Records for this exercise below:
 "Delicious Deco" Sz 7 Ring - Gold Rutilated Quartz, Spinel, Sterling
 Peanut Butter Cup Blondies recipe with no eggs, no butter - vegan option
End of Records for this exercise.
Records for this exercise below:
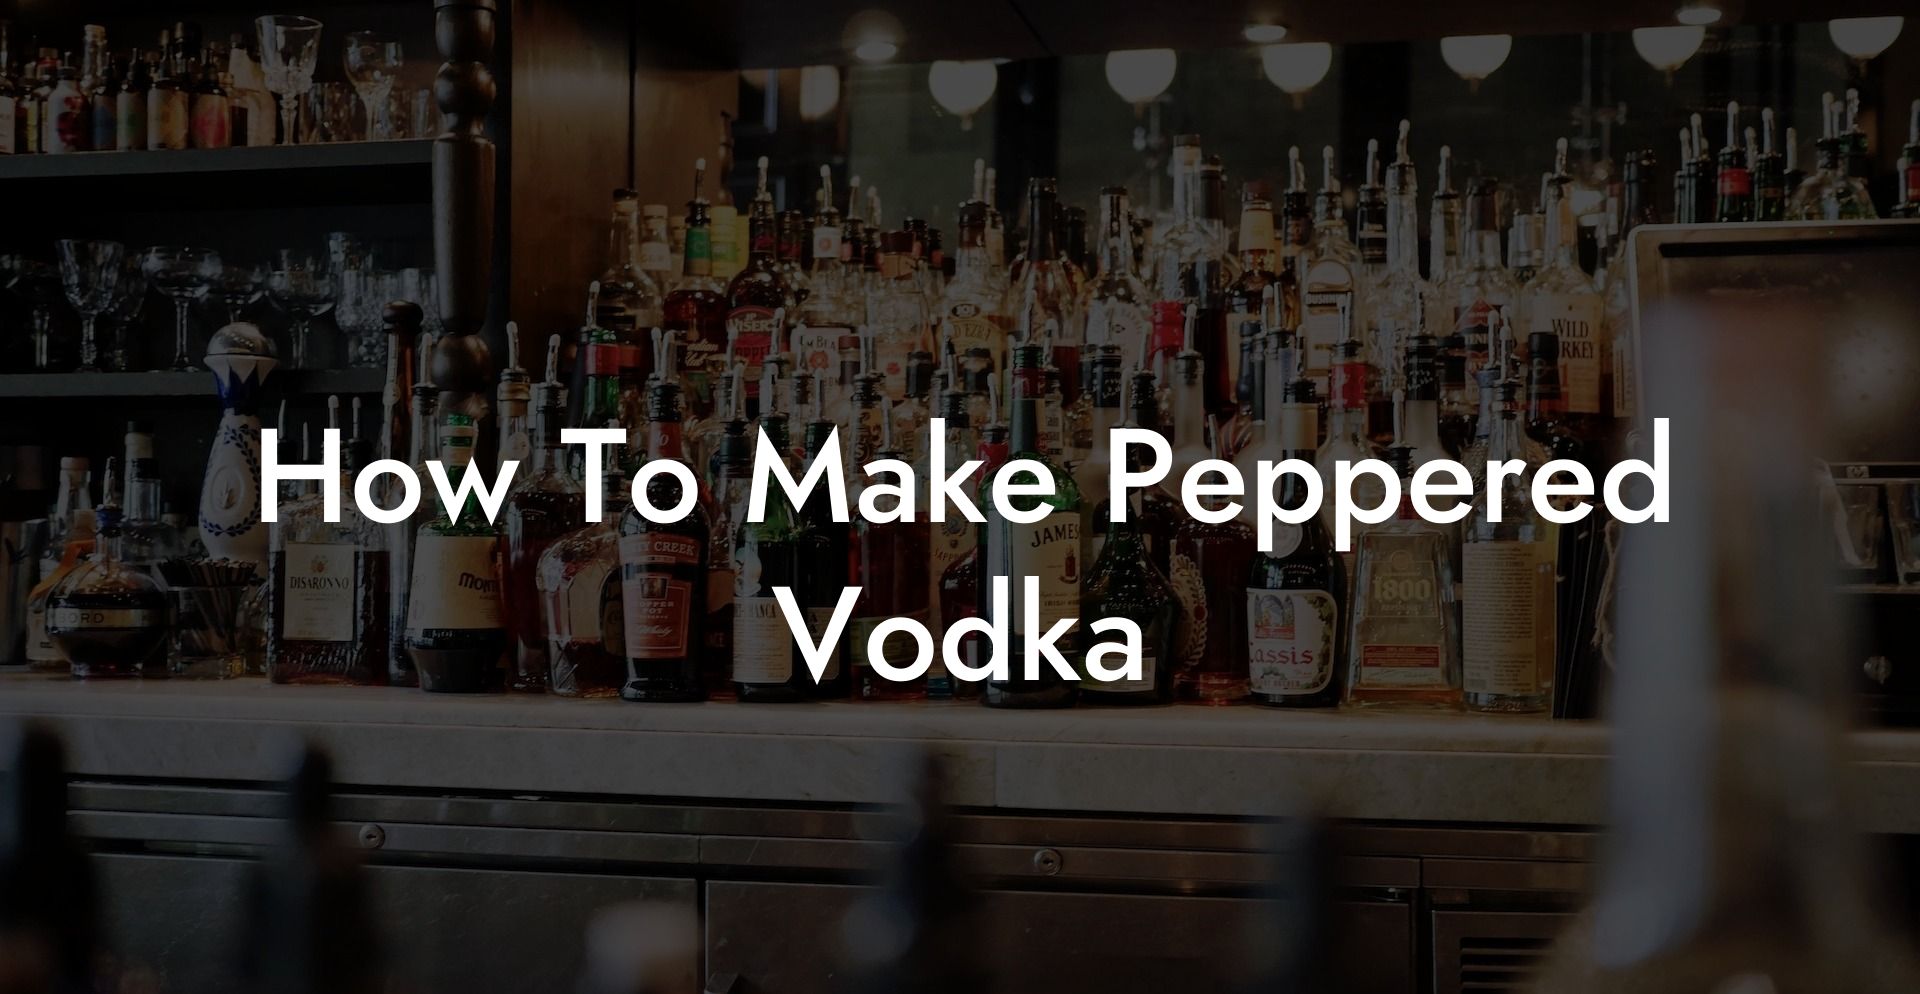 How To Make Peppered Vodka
End of Records for this exercise.
The lines above starting at the one that contains "Quartz, Spinel, Sterling" and ending at the one that contains "Peanut Butter Cup" must be transcribed exactly, and no other lines may appear.

 "Delicious Deco" Sz 7 Ring - Gold Rutilated Quartz, Spinel, Sterling
 Peanut Butter Cup Blondies recipe with no eggs, no butter - vegan option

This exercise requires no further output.